**Activity**.
A letter-for-letter copy of the listing is required, with no pictures in it.

**Stored data**.
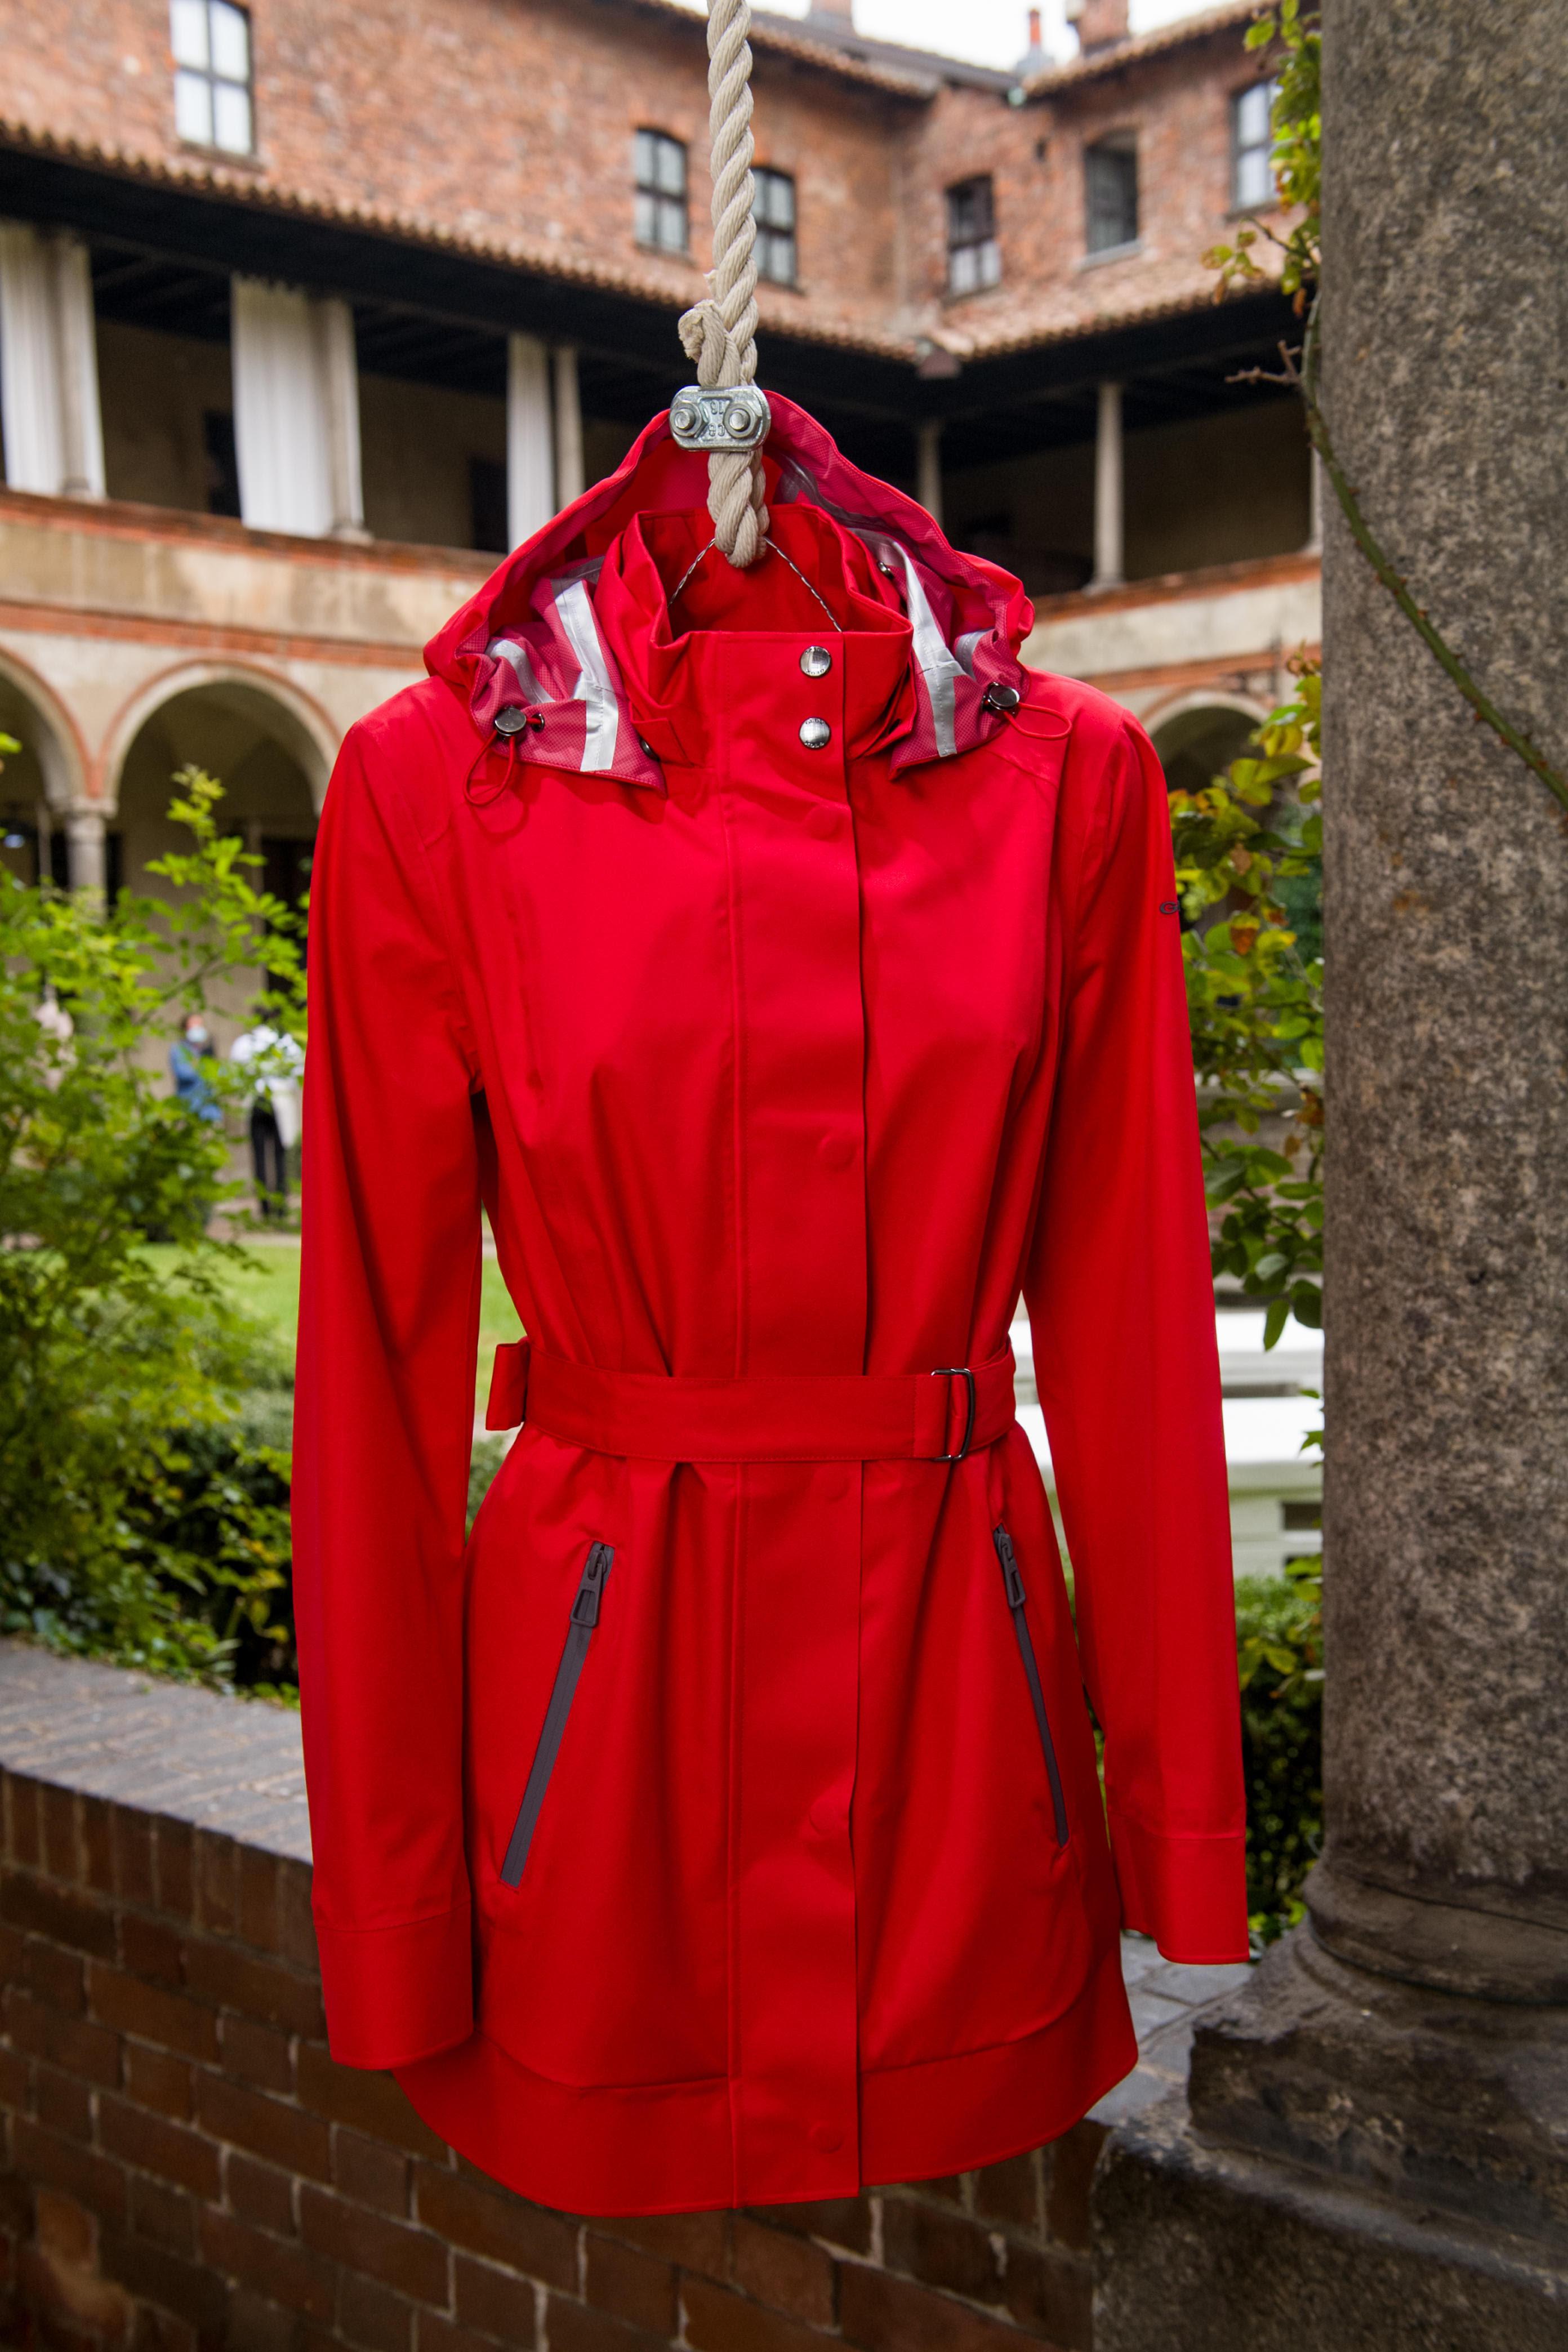 67b926d9 f594 432f 830c eeb759d27077 - GEOX presenta su colección de mujer Primavera / Verano 2021
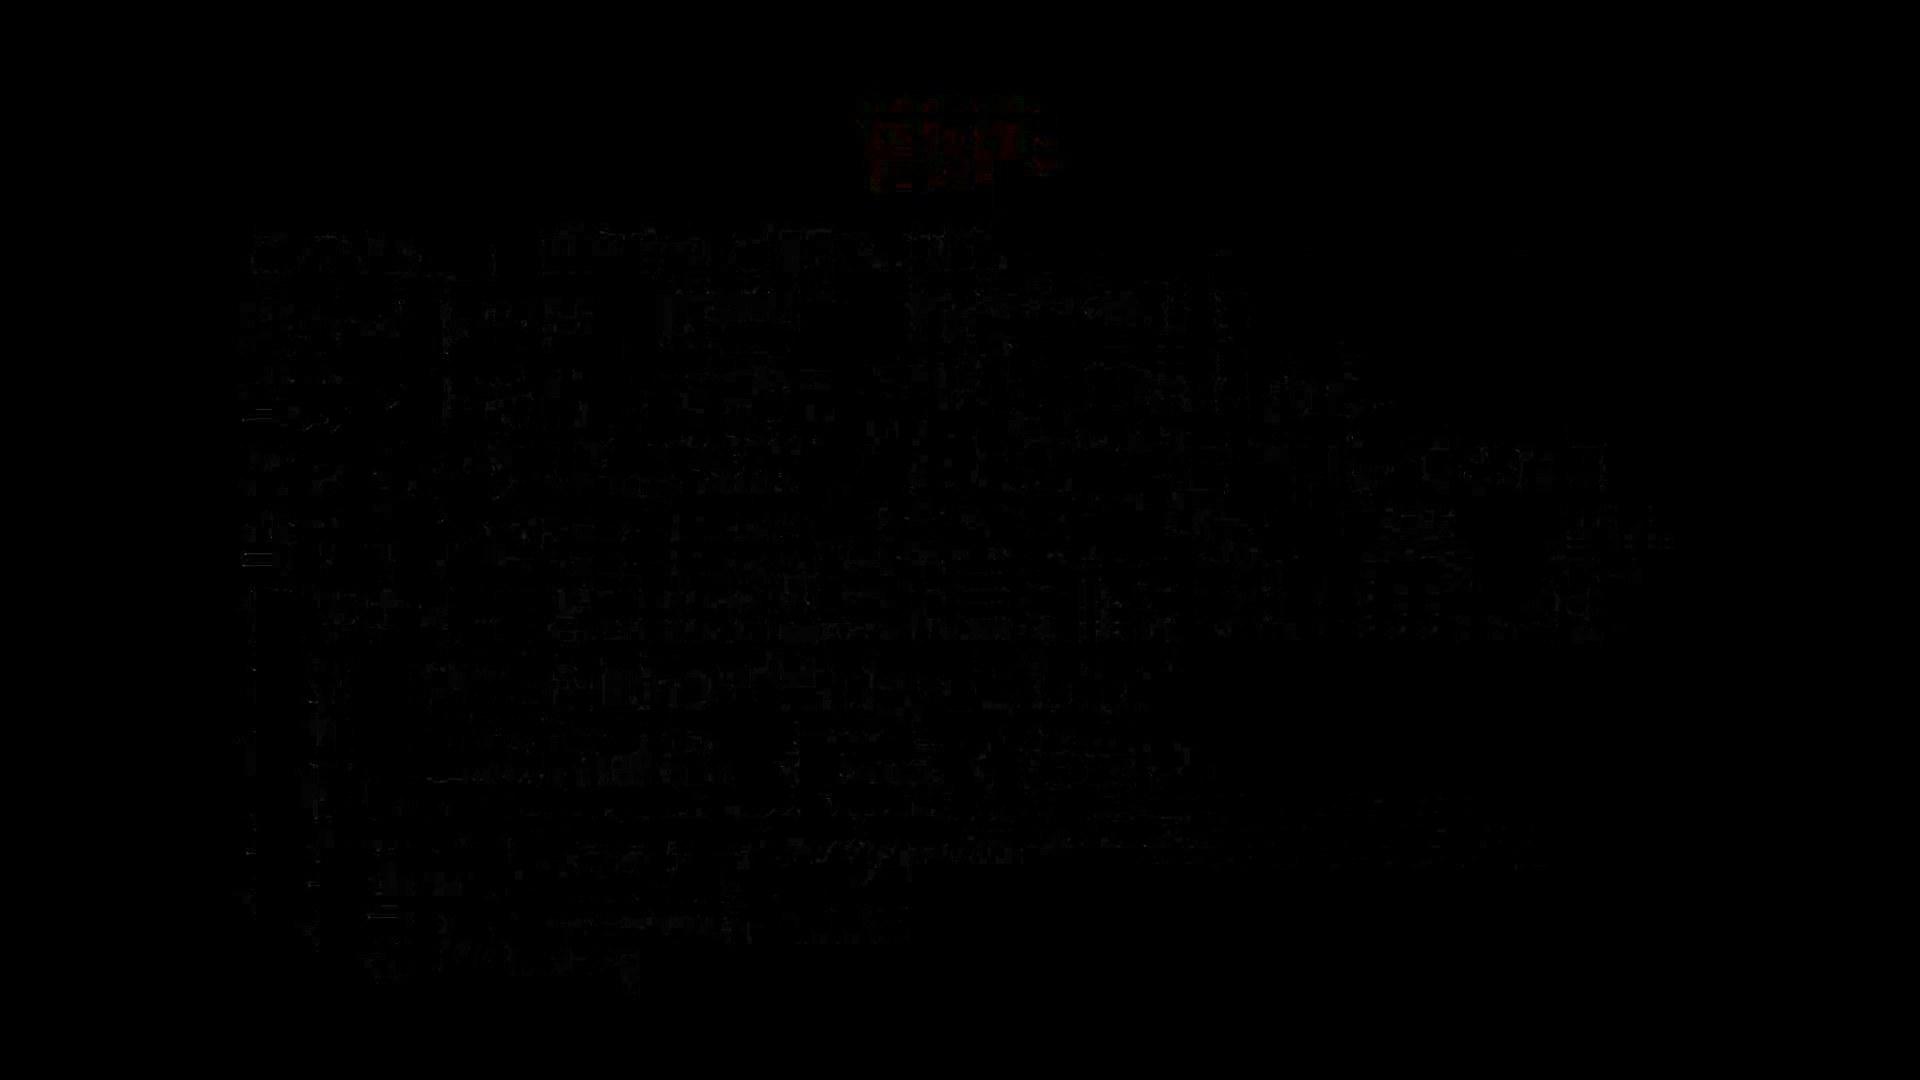 Aquaな露天風呂Vol.878潜入盗撮露天風呂十四判湯 其の一 盗撮シリーズ   露天風呂編  79PIX 1
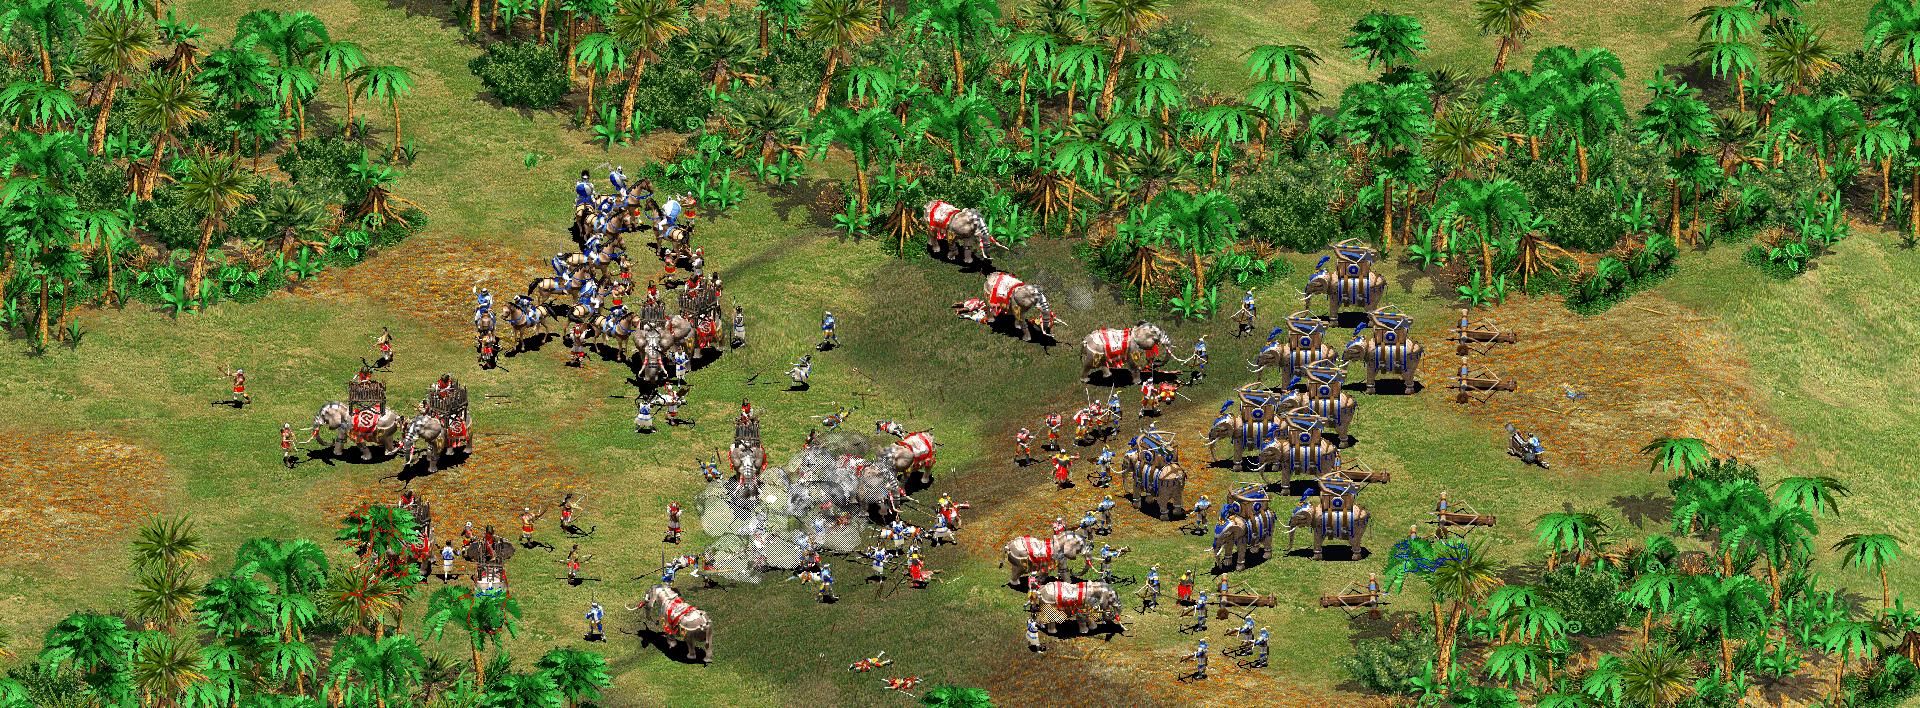 Khmer Jungle Warfare

**Solution for this task**.
 67b926d9 f594 432f 830c eeb759d27077 - GEOX presenta su colección de mujer Primavera / Verano 2021
 Aquaな露天風呂Vol.878潜入盗撮露天風呂十四判湯 其の一 盗撮シリーズ   露天風呂編  79PIX 1
 Khmer Jungle Warfare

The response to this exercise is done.